[[ Exercise data open ]]
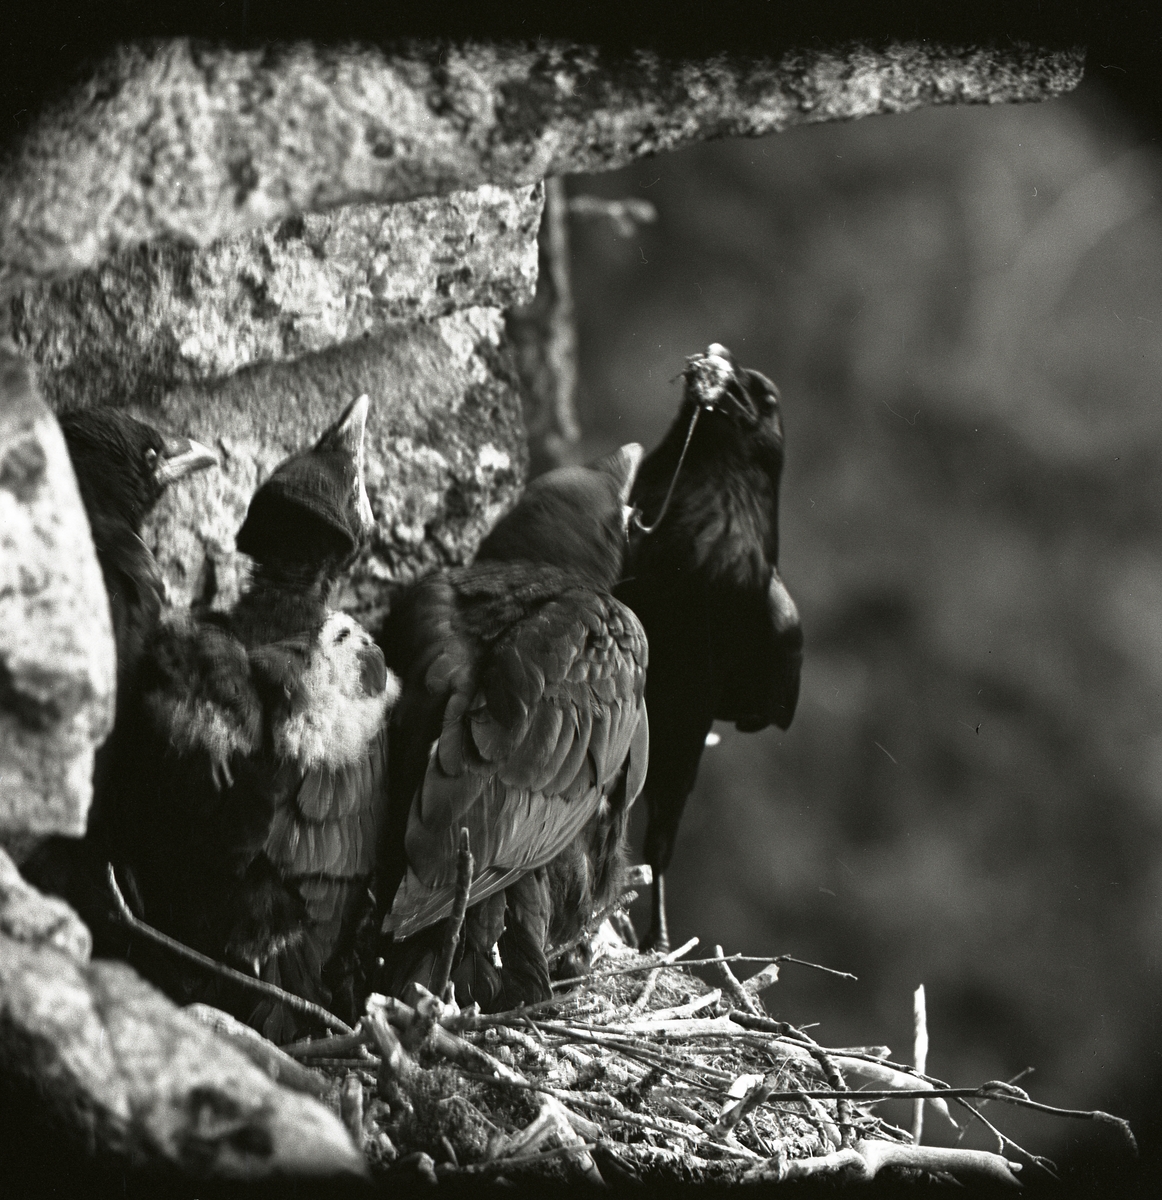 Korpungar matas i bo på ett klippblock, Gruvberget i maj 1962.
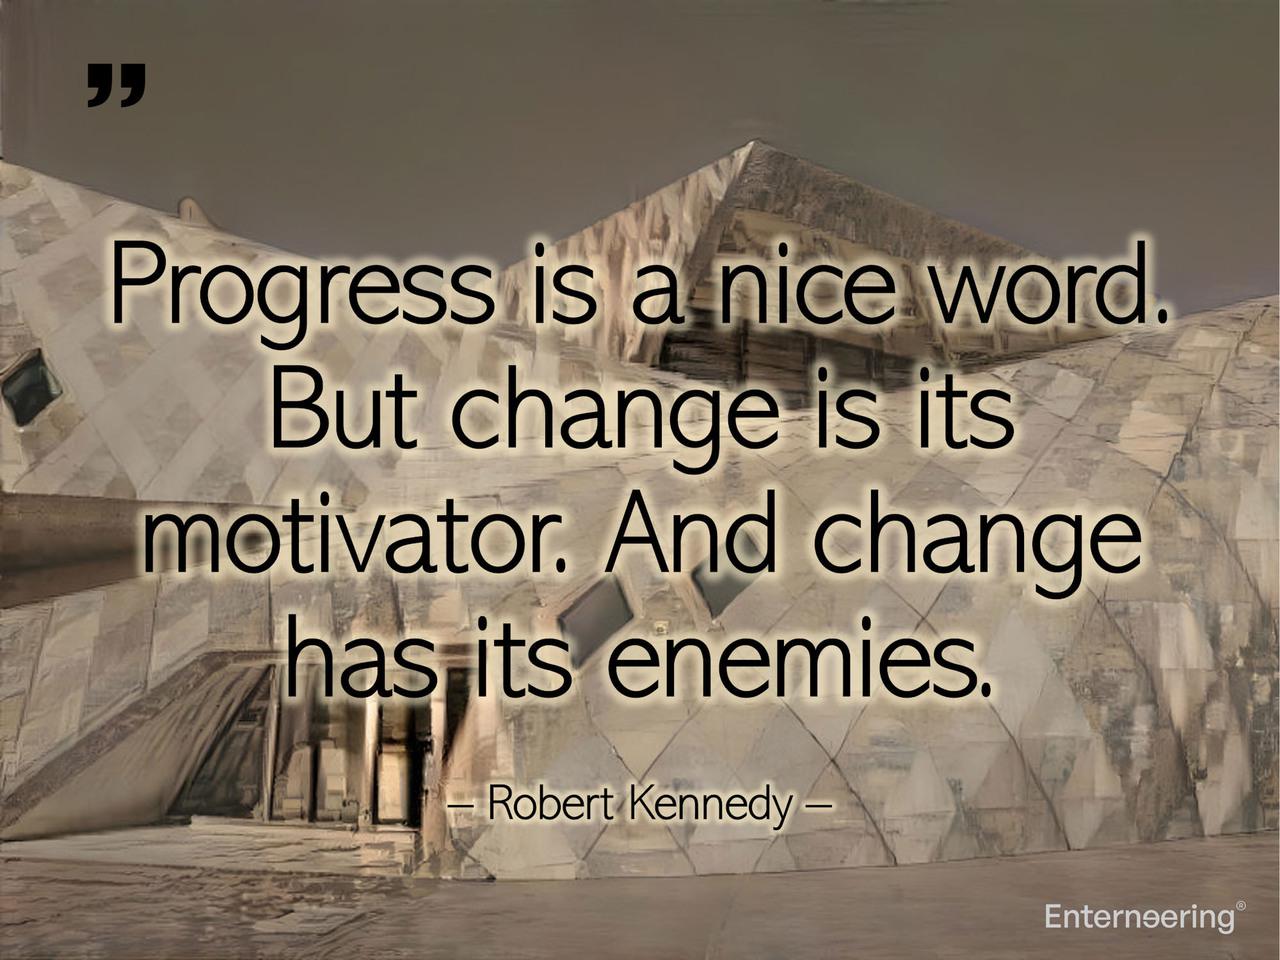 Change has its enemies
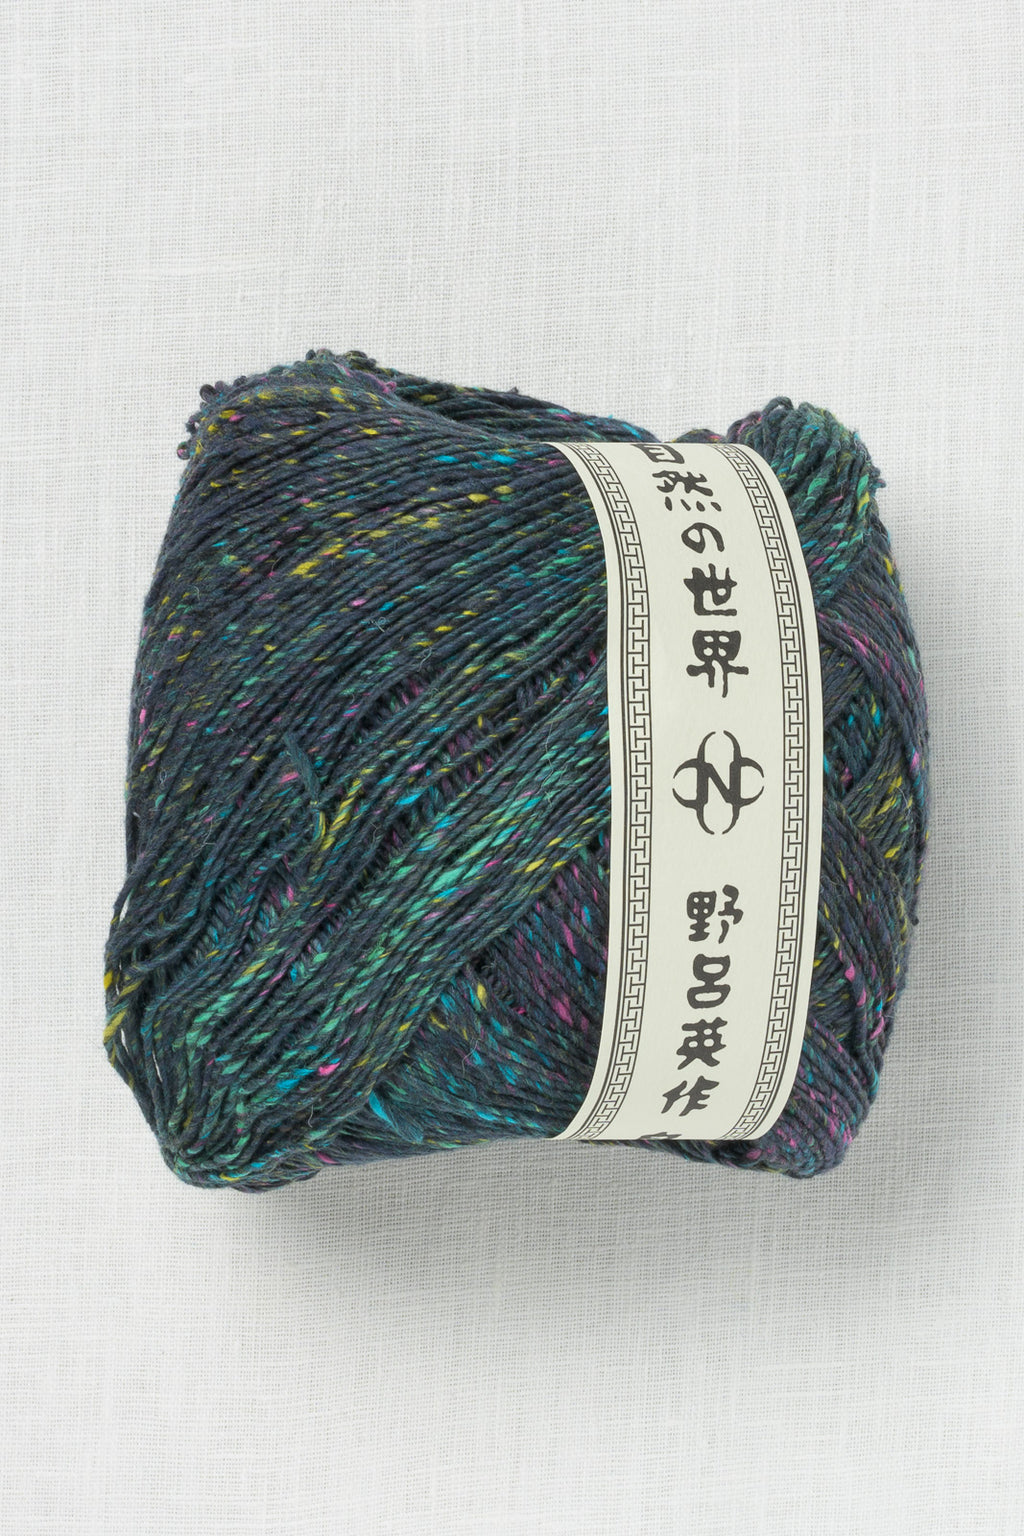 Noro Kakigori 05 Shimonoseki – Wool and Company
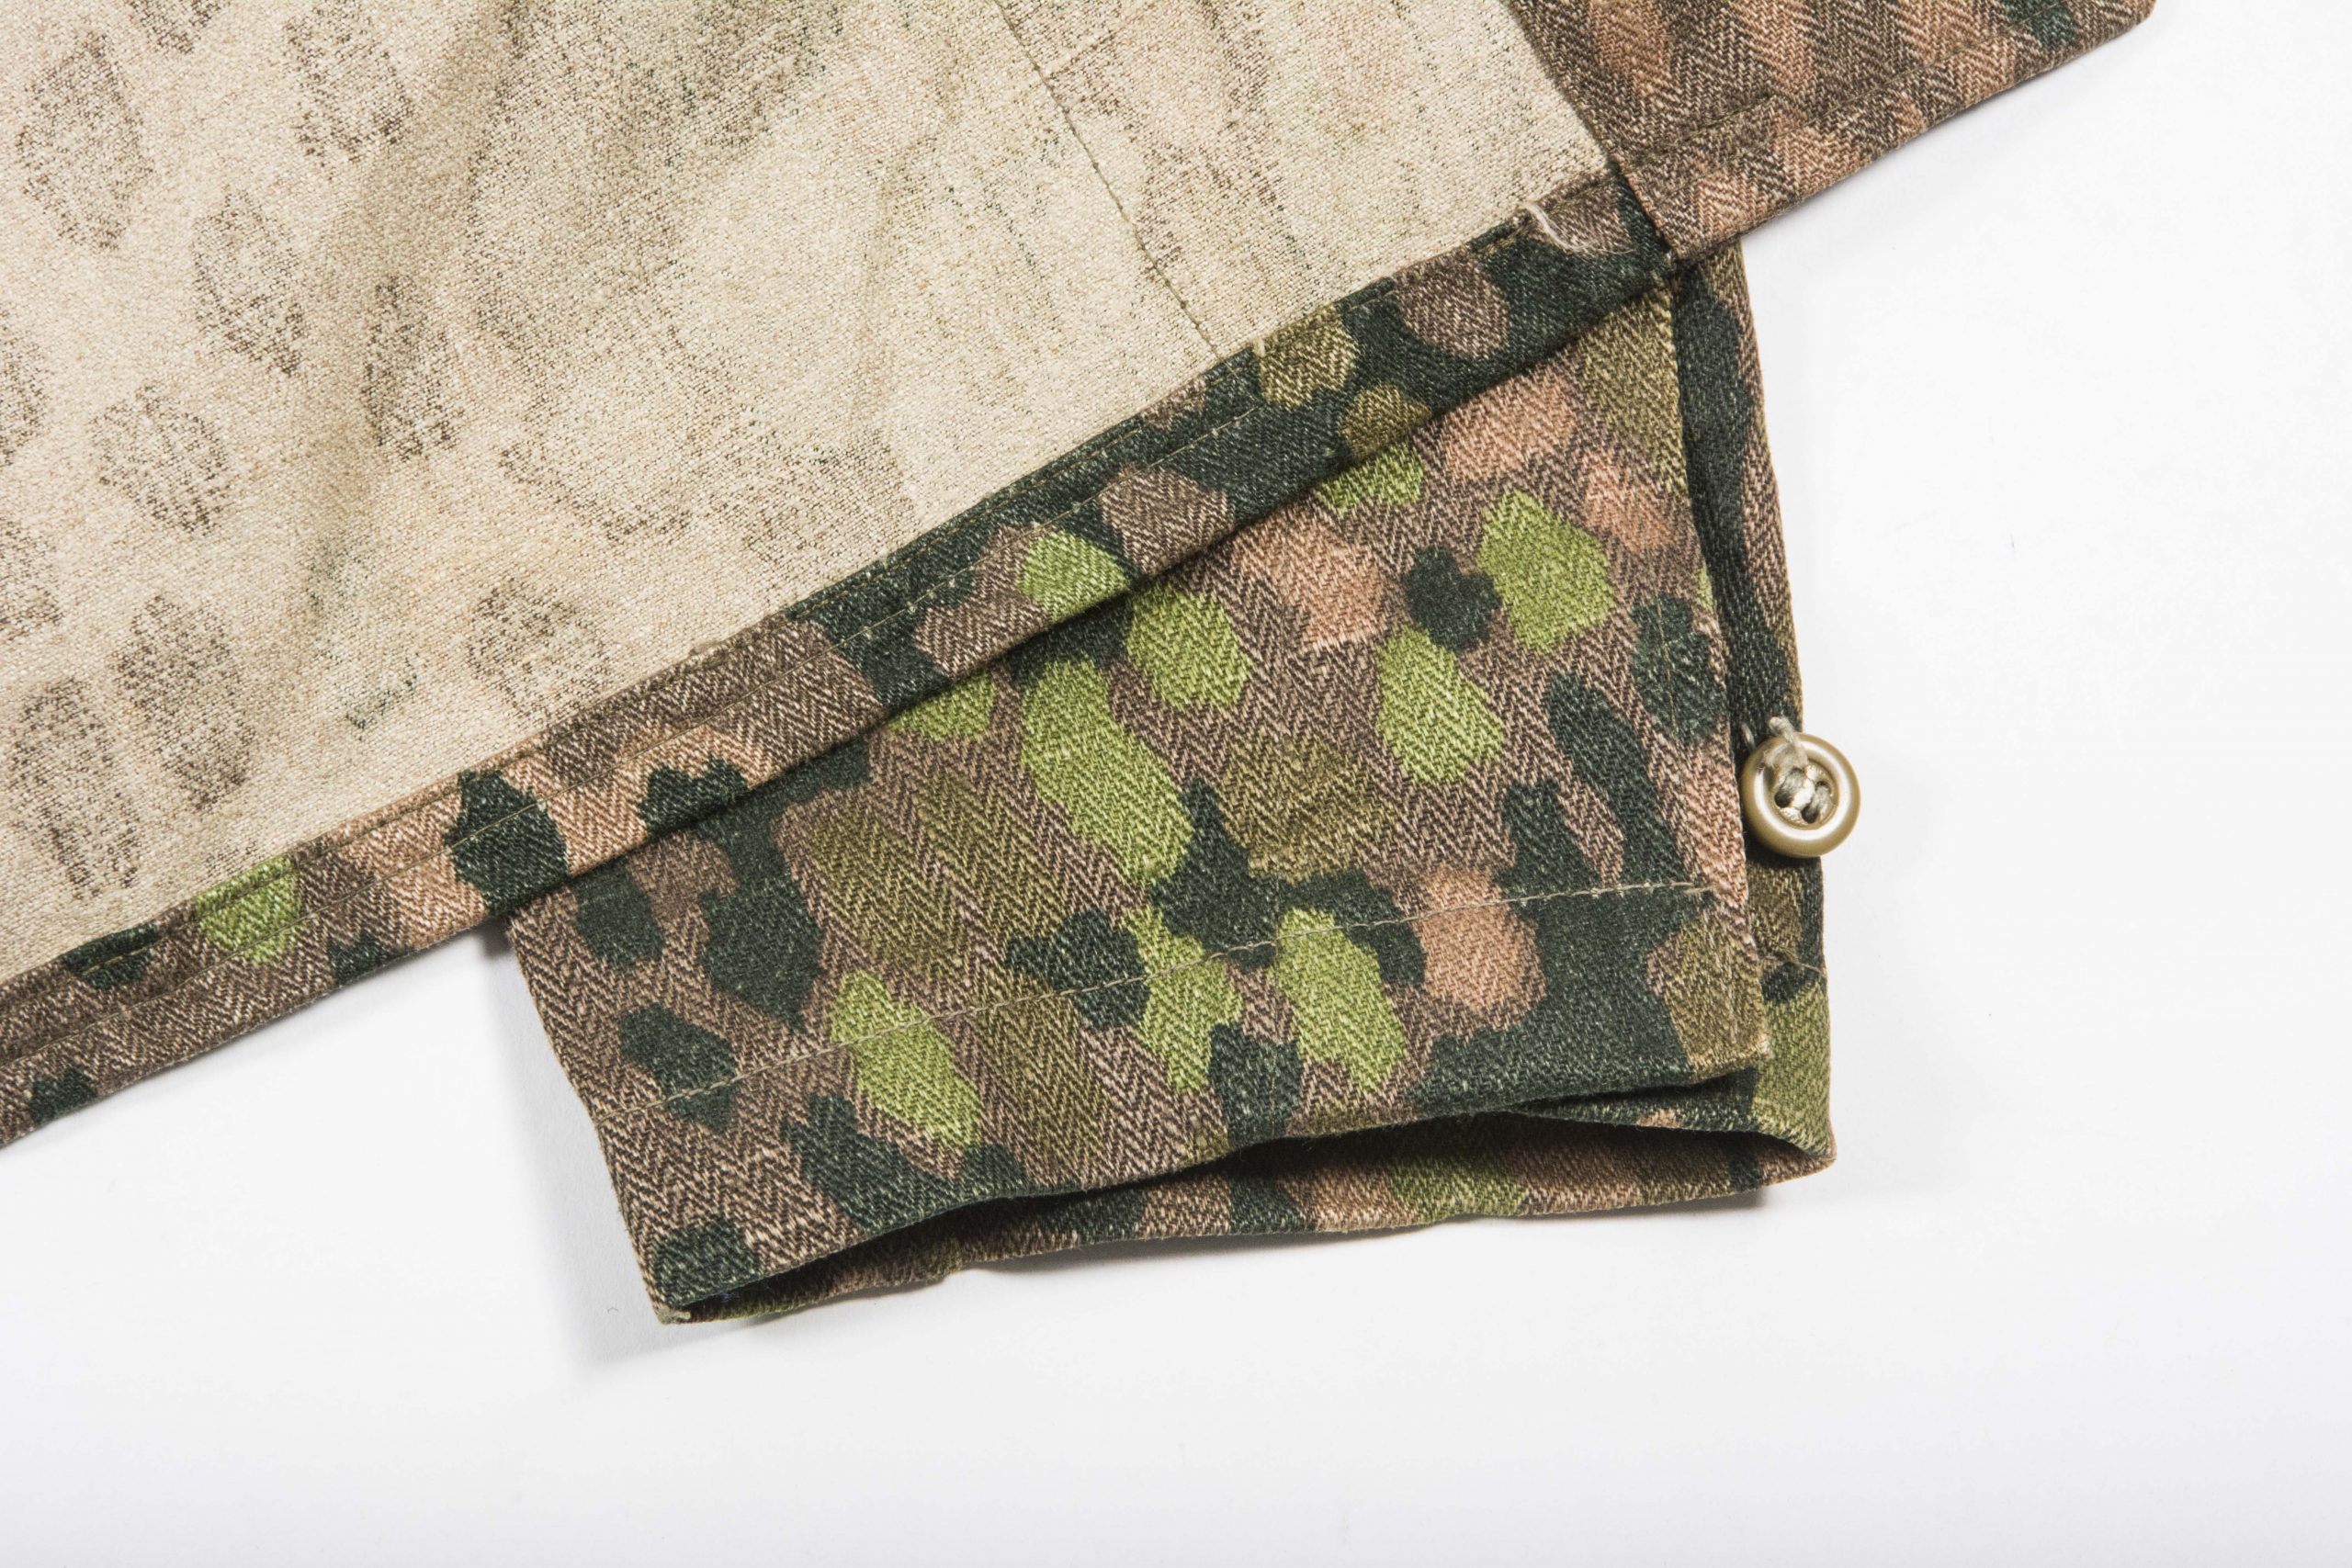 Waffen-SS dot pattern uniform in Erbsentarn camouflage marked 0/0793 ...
[[ Exercise data closed ]]
# Task requirements:
Nothing but the lines from the line containing "Noro Kakigori 05" through the last line of the listing above should appear, output exactly, with no pictures.

# Written response:
 Noro Kakigori 05 Shimonoseki – Wool and Company
 Waffen-SS dot pattern uniform in Erbsentarn camouflage marked 0/0793 ...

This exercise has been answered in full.